Acupuncture for Athletes

Sports Medicine Acupuncture entails the use of acupuncture along with the other modalities of Chinese Medicine I use in my practice. The treatment may also include myofascial release, postural assessment, and a prescription of corrective exercises. Orthopedic tests and assessment exams are used for diagnosis. Needles are inserted into musculoskeletal motor points [mostly different from traditional acupuncture points] to rebalance neuromuscular functioning and treat all musculoskeletal injuries. A motor point is a site where motor nerves enter the muscle. Needles are a perfect conductor of electricity of the nervous system to communicate, rebalance, heal, and release traumas held in the musculoskeletal system after an injury.
A few examples of when to visit a Sports Medicine Acupuncturist is when you have suffered or suffering from:

  • Tension headaches
  • Any neck pain
  • Degenerative joint or disc disease
  • Thoracic Outlet Syndrome
  • Any Shoulder Injuries or Pain
  • Any Elbow Injuries or Pain
  • Wrist injuries or pain like De Quervain’s and Carpal Tunnel
  • Any back Pain
  • Any knee Injuries or Pain
  • Any ankle Injuries or Pain or Spains
  • Foot pains like Plantar Fasciitis, Morton’s Neuroma, or Heel Spurs

 

Acupuncture for Wellness

Acupuncture is an effective treatment for pain, insomnia, infertility, headaches, addiction and any general malaise that keeps one from living to their fullest.
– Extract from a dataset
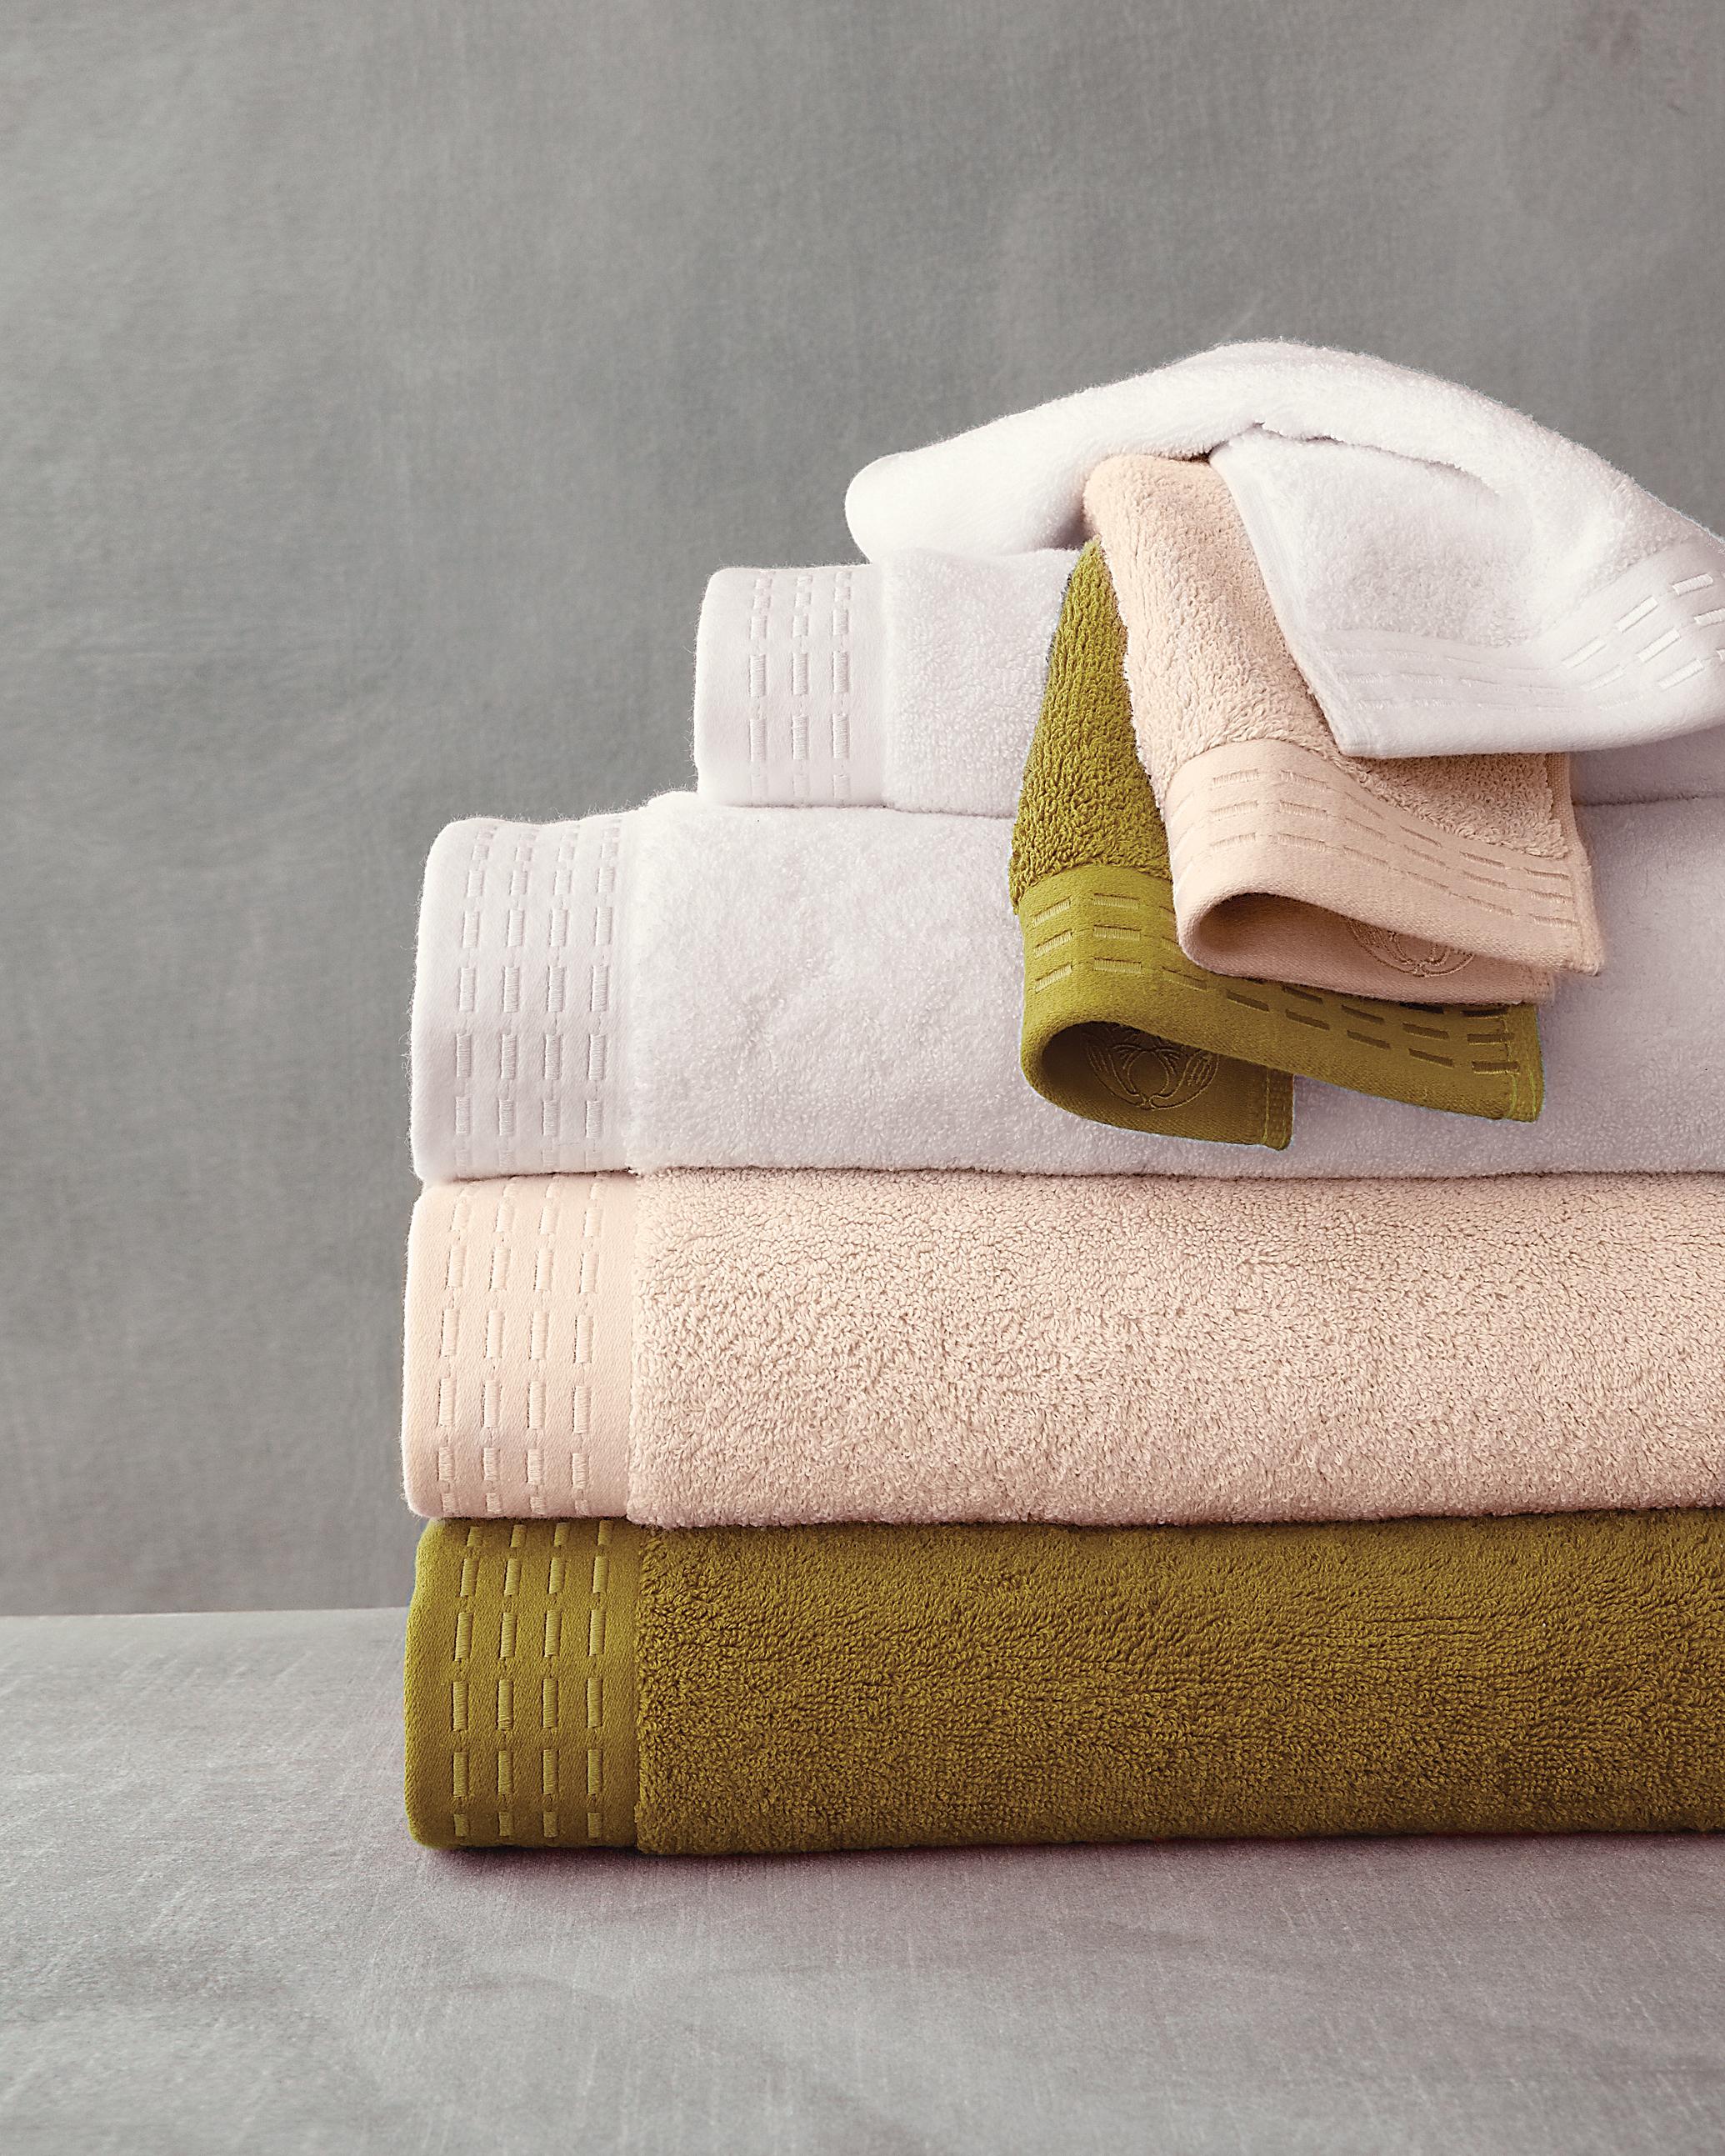 towels-0811mwd107434.jpg

An excellent option for those that do not tolerate medication well. In use for thousands of years, acupuncture has broad spectrum systemic effects to facilitate optimal health using the body’s natural energy flow. The possible side effects of acupuncture are infections and pneumothorax, however this is very rare and risk is further mitigated by the excellent hygiene and expertise of the practitioner.

 

Electro-acupuncture

Electro-acupuncture is the term used to refer to the application of a pulsating electrical current to acupuncture needles at acupuncture point sites on the body. The current varies on the treatment, however no current is actually transmitted through the body— there is only enough stimulation for the patient to feel a slight pulsating sensation. A standard treatment session usually lasts between 10 and 20 minutes and rarely exceeds half an hour. It is a convenient stimulation technique that can be used for a variety of treatments; stubborn neurological disorders, chronic pain, spasms, paralysis, sports or common injuries of the muscles or joints. Electro-acupuncture has been proven to promote the flow of qi and blood, relieve pain, and warm the muscles, removing blood stasis (a blockage, or poor circulation).
It is contraindicated for patients who are pregnant, experience seizures or have a history of heart disease, strokes, epilepsy, and patients with pacemakers.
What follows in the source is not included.